Overall, the model had an accuracy of 81.7%. The logistic regression model did well predicting “No” if a client would default, predicting correctly at a rate of 97.66%. However, the model did not do as well predicting “Yes” if a client would default, predicting correctly at a rate of 24.82%.

Random Forest

Another prediction model used is random forest. Random forest is a classifying method consisting of many decision trees. By creating a “forest” of decision trees, the classifying model hopes to select it’s best model by running many different decision trees and “takes the majority” to determine classification. To do so, random forest uses out-of-bag sampling. To find the error rate of the random forest, the out-of-bag (OOB) error is used to see the internal error estimate.

A random forest model is created to determine the probability of credit card default:

set.seed(123)
#Random Forest for variables. mtry = 5 since there are 24 variables (square root of 24 is close to 5).
fit_rf <- randomForest(factor(Default) ~., mtry = 5, data = train_set)
fit_rf
## 
## Call:
##  randomForest(formula = factor(Default) ~ ., data = train_set,      mtry = 5) 
##                Type of random forest: classification
##                      Number of trees: 500
## No. of variables tried at each split: 5
## 
##         OOB estimate of  error rate: 18.37%
## Confusion matrix:
##       0    1 class.error
## 0 16533  954  0.05455481
## 1  3176 1814  0.63647295
varImpPlot(fit_rf)

From the input printed and the plot provided, it is seen that the pay amount and bill amount in September, as well as age are important variables in determining credit card default. It can also be argued bill amount in August and bill amount in July are important variables in determining credit card default.

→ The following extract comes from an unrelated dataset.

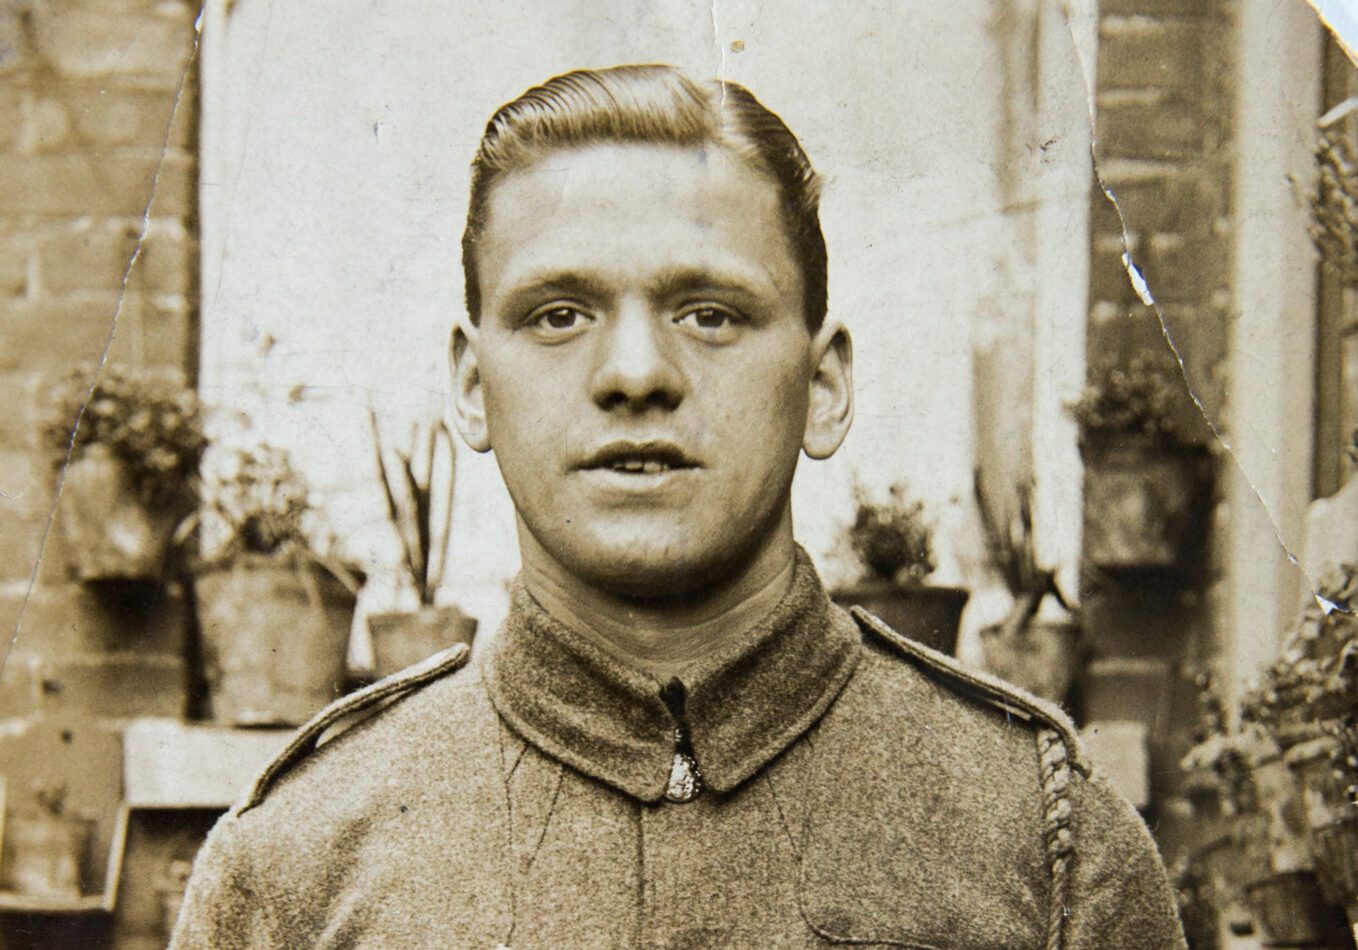 English soldier, portrait  of young man 1940th, vintage photo

Looking at the confusion matrix, the random forest was able to predict “No” on credit card default pretty well, with a class error of 5.46%. However, the random forest model struggled predicting “Yes” on credit card default, with a class error of 63.65%.

Compared to the logistic regression model, the random forest model did worse in predicting “No” on credit card default, with the logistic model having 97.66% accuracy compared to the random forest model having roughly 94.54%. However, the random forest model did better predicting “Yes” on credit card default with a 36.35% accuracy compared to the 24.82% accuracy of the logistic regression model. Overall, the random forest model had a 81.63% accuracy, which is almost the same as the logistic regression model (81.7%).

Conclusion

In this project, logistic regression and random forest models were created to predict if an individual would default on their credit card.

First, the data was cleaned for accuracy and manipulated to view distributions and trends in the data. From the tables and plots created, the data had more females than males and was skewed in age, with participants below the age of 40 much more prevalent than participants over the age of 40.

Next, prediction models were created to predict an individual’s chances of defaulting on their credit card. The first model used was a logistic regression model. This model was used to predict if an individual would default on their credit card based on their information. This model is great for predicting a Yes/No classification for individuals. The logistic regression model did great predicting “no” on whether or not a client would default, but not so well predicting “yes”.

A random forest model was also created to determine the most important variables in a prediction model, as well as to see the accuracy of the created model. From the results, the random forest model could accurately predict someone not defaulting on their credit card, but had a more difficult time accurately predicting when someone would default on their credit card.

Overall, it seems the prediction models used did a great job predicting “No” on credit card default, but had a harder time predicting “Yes” on credit card default. I believe adding certain variables such as credit score, credit age, and credit card utilization can help the prediction models in predicting “Yes” on credit card default.

Thank you for viewing my project.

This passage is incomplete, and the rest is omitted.